With the rescue slated for a shuttle mission less than two years away, the MMU effort kicked into high gear at Martin Marietta. Program manager Bill Bollendonk and his team had to tackle a host of technical issues, including how to safely contain the backpack’s nitrogen supply at a pressure of 3,000 pounds per square inch. They adapted an aluminum alloy tank used on 747 airliners, and wrapped it in Kevlar for extra strength. Bollendonk says that to test the tank’s safety at operating pressures, “we ended up firing a .50-caliber bullet through it. It made a hole, but it didn’t explode.”
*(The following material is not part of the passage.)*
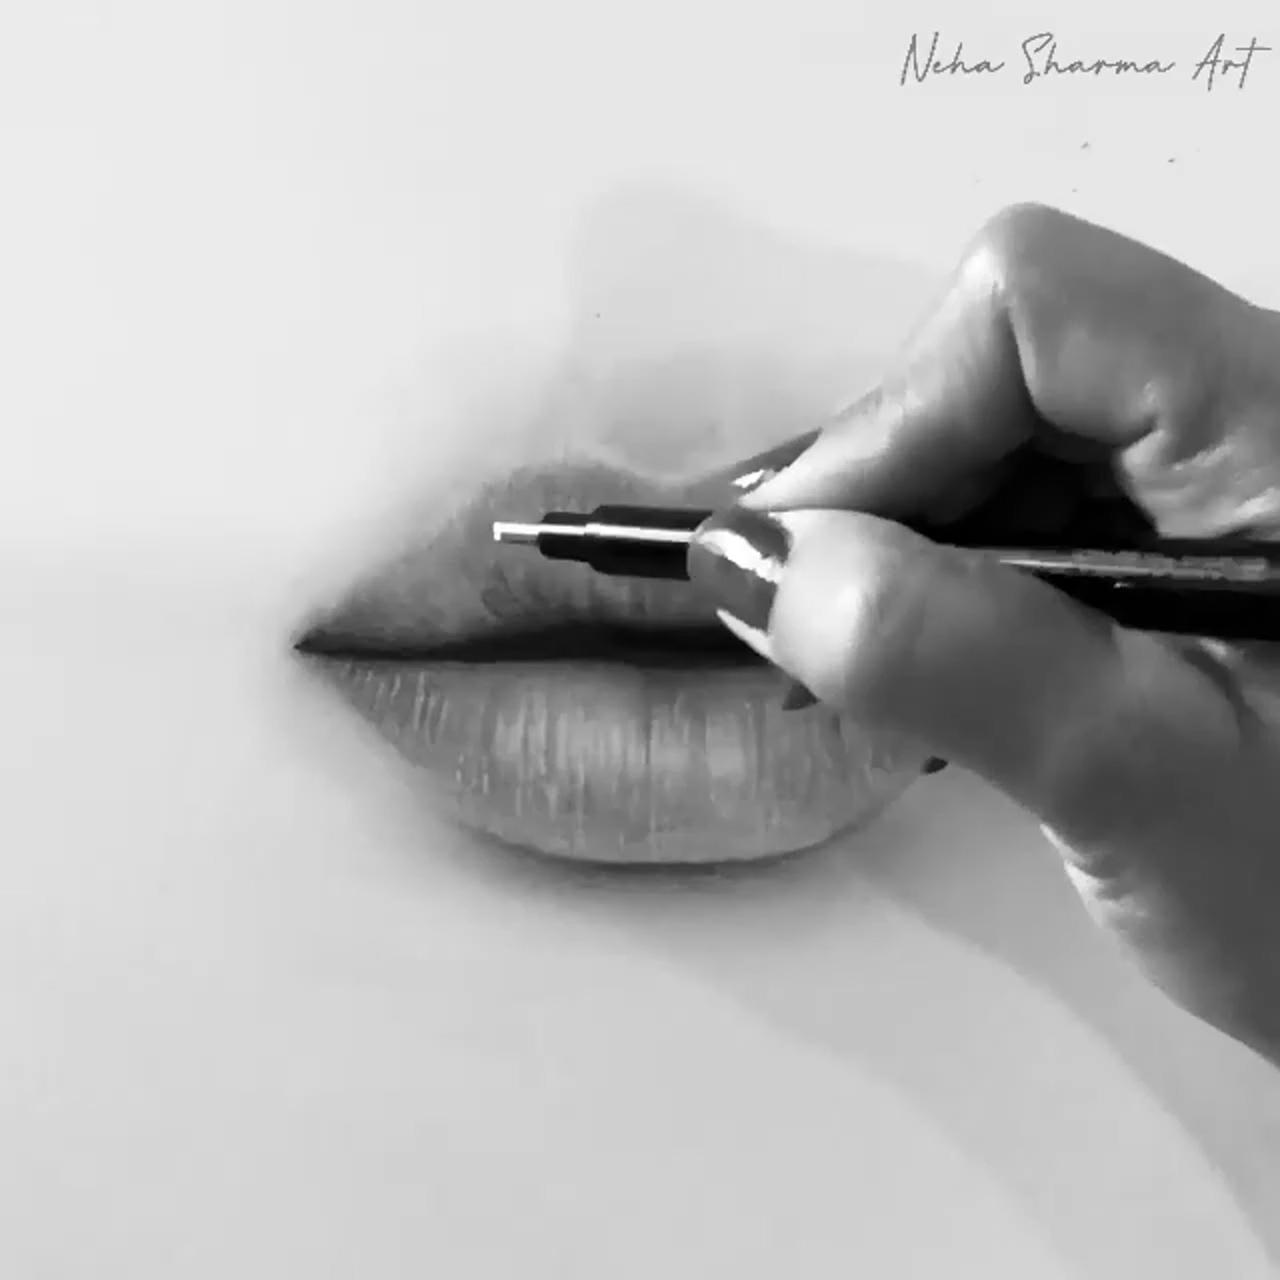 Lip pencil drawing charcoal tutorial art by nehasharma_art | pencil art love

To extend battery life, the big power-hungry gyroscopes used to maintain orientation on the Skylab version were removed. The MMU’s control system would use smaller gyros to sense rotation, then immediately fire thrusters to counteract it. Also, the M-509’s pistol-grip hand controllers, which were tiring to operate in pressurized spacesuit gloves, were replaced by small T-handles that needed just a nudge of the fingertips. Adjustable control arms would accommodate the tallest and shortest astronauts.
Calling the MMU a “backpack” was a little deceptive, since, in its final form, it weighed more than 300 pounds. It contained enough nitrogen to accelerate from zero to 45 mph—just once. To conserve that precious supply, astronauts would fly the MMU at a crawl, just a few inches per second. (George Clooney’s zipping around in the movie Gravity was preposterous: If an astronaut acted that recklessly, the MMU’s fuel tank would be empty in no time.)
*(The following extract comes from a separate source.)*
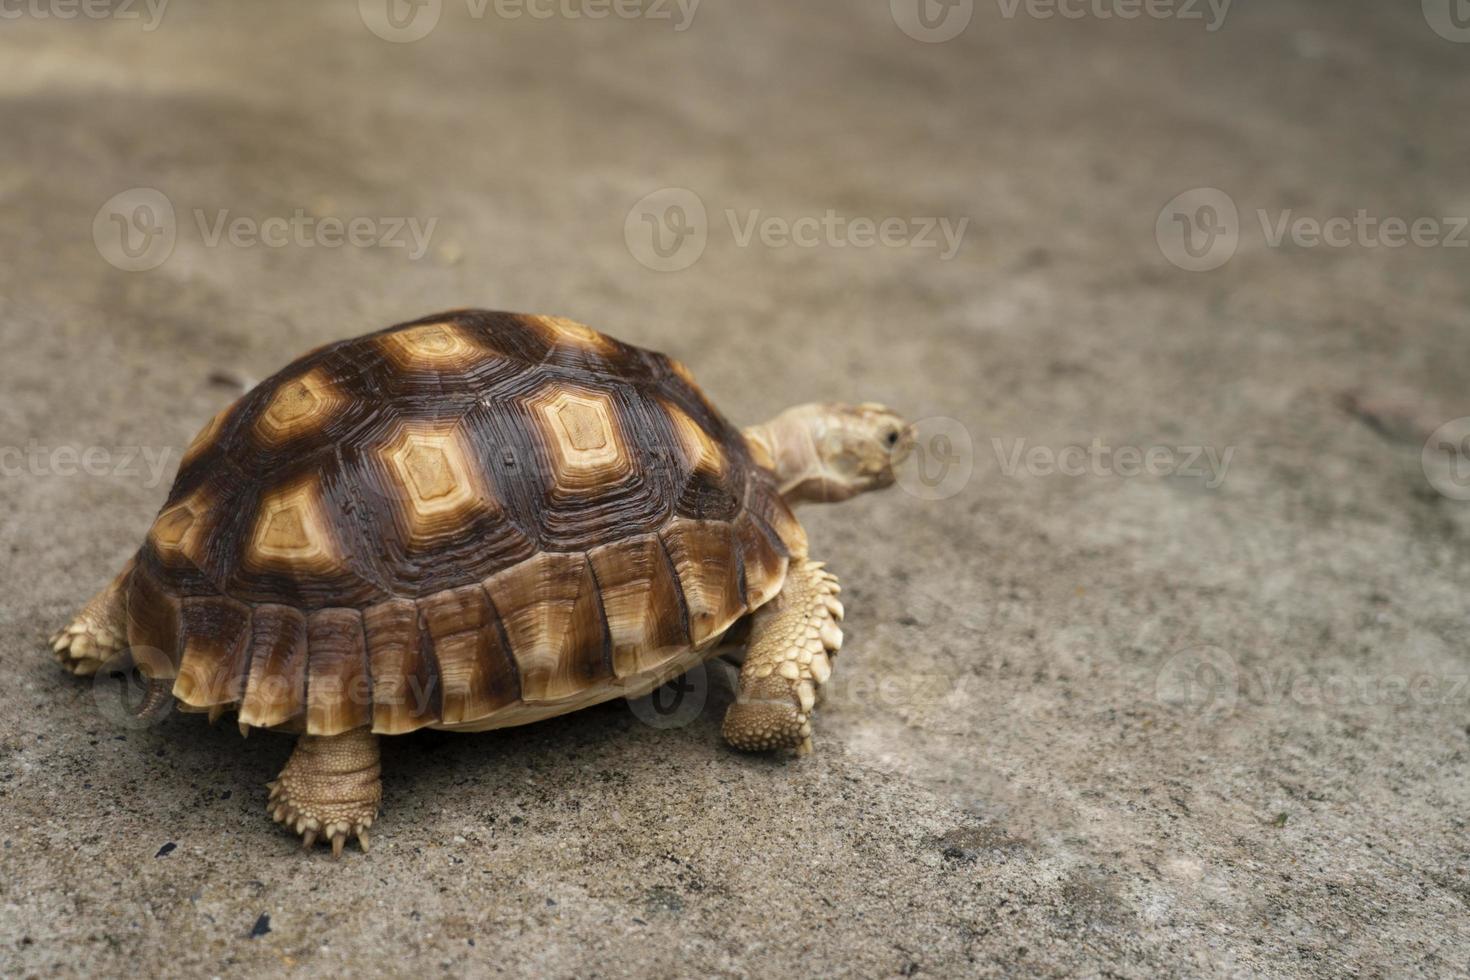 Turtle Centrochelys sulcata on concrete. cute pet turtle. animal care and treatment concept photo

Practical-minded science fiction writers thought about this for generations before the space program. Take a look at the articles for the broomstick from Arthur C. Clarke's 1952 novel Islands in the Sky. Also, note the Reaction Pistol from Gordon A. Giles 1937 story Diamond Planetoid, the Personal Jet Thrust from Robert Heinlein's 1948 novel Space Cadet.
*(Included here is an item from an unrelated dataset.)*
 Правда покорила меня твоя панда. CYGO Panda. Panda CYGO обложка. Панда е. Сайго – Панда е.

What is the oldest idea about maneuvering "untethered" in space? Read about the Electrical Tether from Garrett P. Serviss' 1898 story Edison's Conquest of Mars
Read the excellent article at Air & Space Smithsonian Magazine; thanks to @nyrath of Project Rho for the tip on this article.
Scroll down for more stories in the same category. (Story submitted 10/15/2014)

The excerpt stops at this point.